The legacy effect of synthetic N fertiliser

Wytse J Vonk  1 Renske Hijbeek  1 Margaret J Glendining  2 David S Powlson  3 Anne Bhogal  4 Ines Merbach  5 João Vasco Silva  1   6 Hanna J Poffenbarger  7 Jagman Dhillon  8 Klaus Sieling  9 Hein F M Ten Berge  10
Affiliations

The legacy effect of synthetic N fertiliser

Wytse J Vonk et al. Eur J Soil Sci. 2022 May-Jun.

Abstract

Cumulative crop recovery of synthetic fertiliser nitrogen (N) over several cropping seasons (legacy effect) generally receives limited attention. The increment in crop N uptake after the first-season uptake from fertiliser can be expressed as a fraction (∆RE) of the annual N application rate. This study aims to quantify ∆RE using data from nine long-term experiments (LTEs). As such, ∆RE is the difference between first season (RE1st) and long-term (RELT) recovery of synthetic fertiliser N. In this study, RE1st was assessed either by the 15N isotope method or by a zero-N subplot freshly superimposed on a long-term fertilised LTE treatment plot. RELT was calculated by comparing N uptake in the total aboveground crop biomass between a long-term fertilised and long-term control (zero-N) treatment. Using a mixed linear effect model, the effects of climate, crop type, experiment duration, average N rate, and soil clay content on ∆RE were evaluated. Because the experimental setup required for the calculation of ∆RE is relatively rare, only nine suitable LTEs were found. Across these nine LTEs in Europe and North America, the mean ∆RE was 24.4% (±12.0%, 95% CI) of annual N application, with higher values for winter wheat than for maize. This result shows that fertiliser-N retained in the soil and stubble may contribute substantially to crop N uptake in subsequent years. Our results suggest that an initial recovery of 43.8% (±11%, 95% CI) of N application may increase to around 66.0% (±15%, 95% CI) on average over time. Furthermore, we found that ∆RE was not clearly related to long-term changes in topsoil total N stock. Our findings show that the-often used-first-year recovery of synthetic fertiliser N application does not express the full effect of fertiliser application on crop nutrition. The fertiliser contribution to soil N supply should be accounted for when exploring future scenarios on N cycling, including crop N requirements and N balance schemes.

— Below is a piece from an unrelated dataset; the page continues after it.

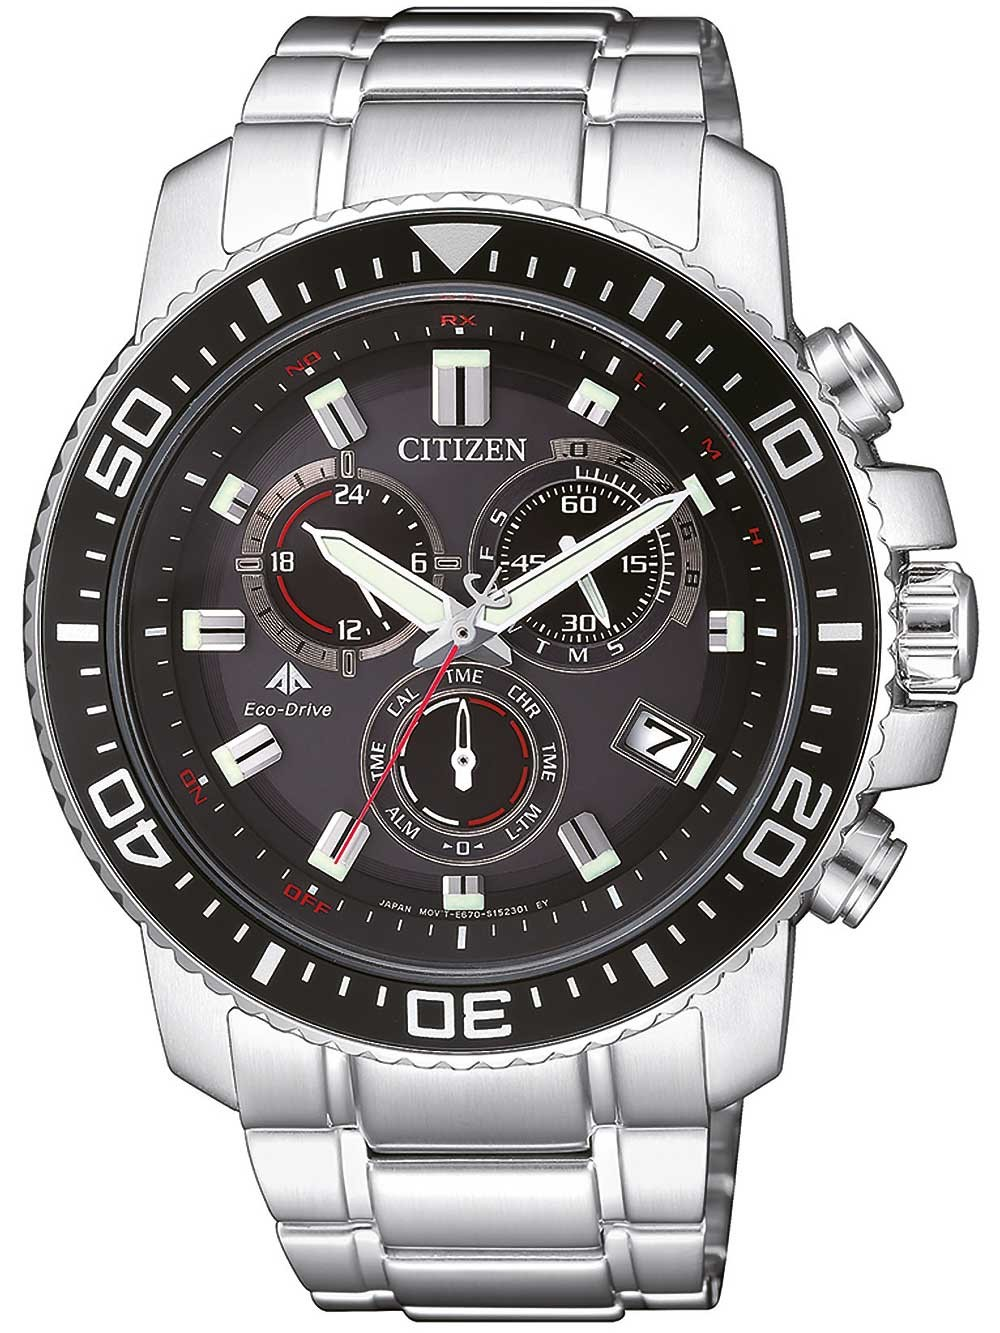 Watches Chrono12 Citizen As4080 51e Eco Drive Funkuhr

Highlights: Nine long-term cereal experiments in Europe and USA were analysed for long-term crop N recovery of synthetic N fertiliser.On average, and with application rates between 34 and 269 kg N/ha, crop N recovery increased from 43.8% in the first season to 66.0% in the long term.Delta recovery was larger for winter wheat than maize.Observed increases in crop N uptake were not explained by proportionate increases in topsoil total N stock.

Keywords: 15N; cereal production; fertiliser requirement; long‐term experiment; nitrogen recovery; nitrogen use efficiency; soil N retention; soil N supply; synthetic fertiliser N.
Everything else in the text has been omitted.